**Dataset entries:**
· · ·

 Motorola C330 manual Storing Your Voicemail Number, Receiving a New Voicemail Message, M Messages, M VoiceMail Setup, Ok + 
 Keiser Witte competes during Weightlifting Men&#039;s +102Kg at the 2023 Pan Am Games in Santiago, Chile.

· · ·

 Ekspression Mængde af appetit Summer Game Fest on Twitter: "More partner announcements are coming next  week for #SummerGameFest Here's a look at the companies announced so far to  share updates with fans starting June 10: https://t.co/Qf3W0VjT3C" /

· · ·

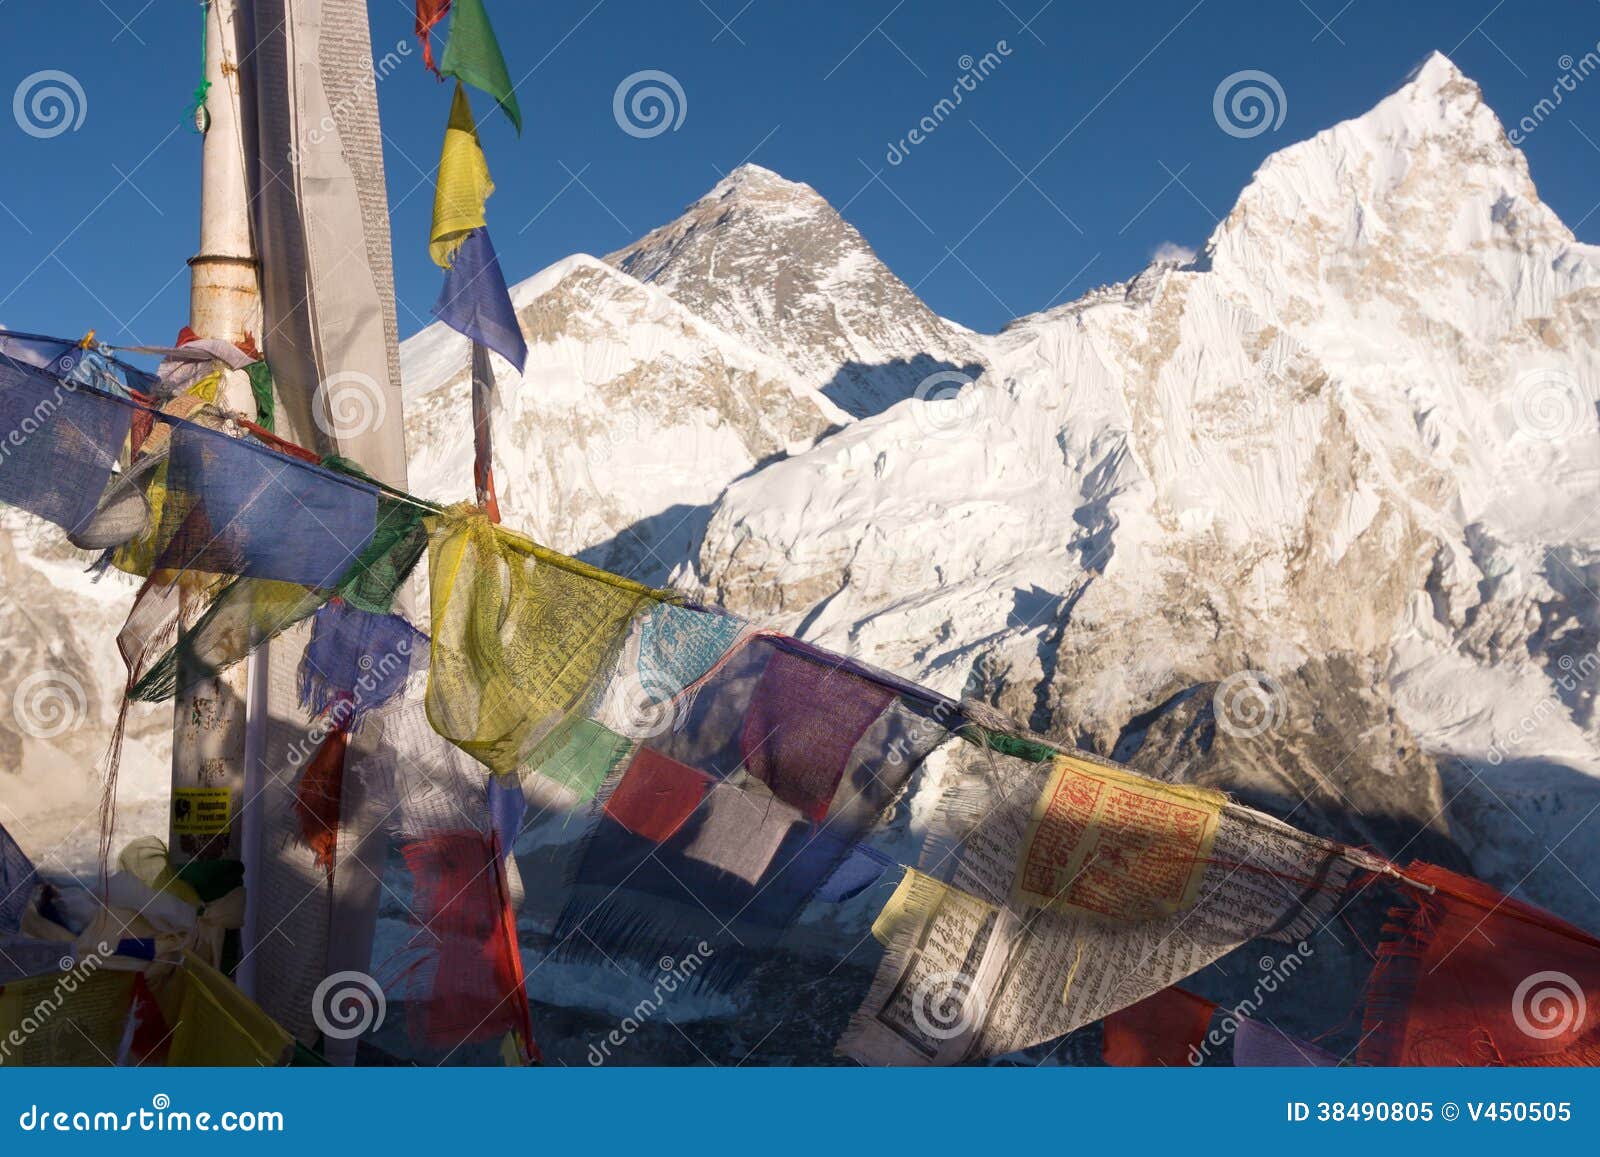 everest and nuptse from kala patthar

· · ·

**Required action:**
Take the lines above from the one containing "Motorola C330 manual" to the one containing "Keiser Witte competes" and retype them exactly, both ends included, with nothing added.

**Response below:**
 Motorola C330 manual Storing Your Voicemail Number, Receiving a New Voicemail Message, M Messages, M VoiceMail Setup, Ok + 
 Keiser Witte competes during Weightlifting Men&#039;s +102Kg at the 2023 Pan Am Games in Santiago, Chile.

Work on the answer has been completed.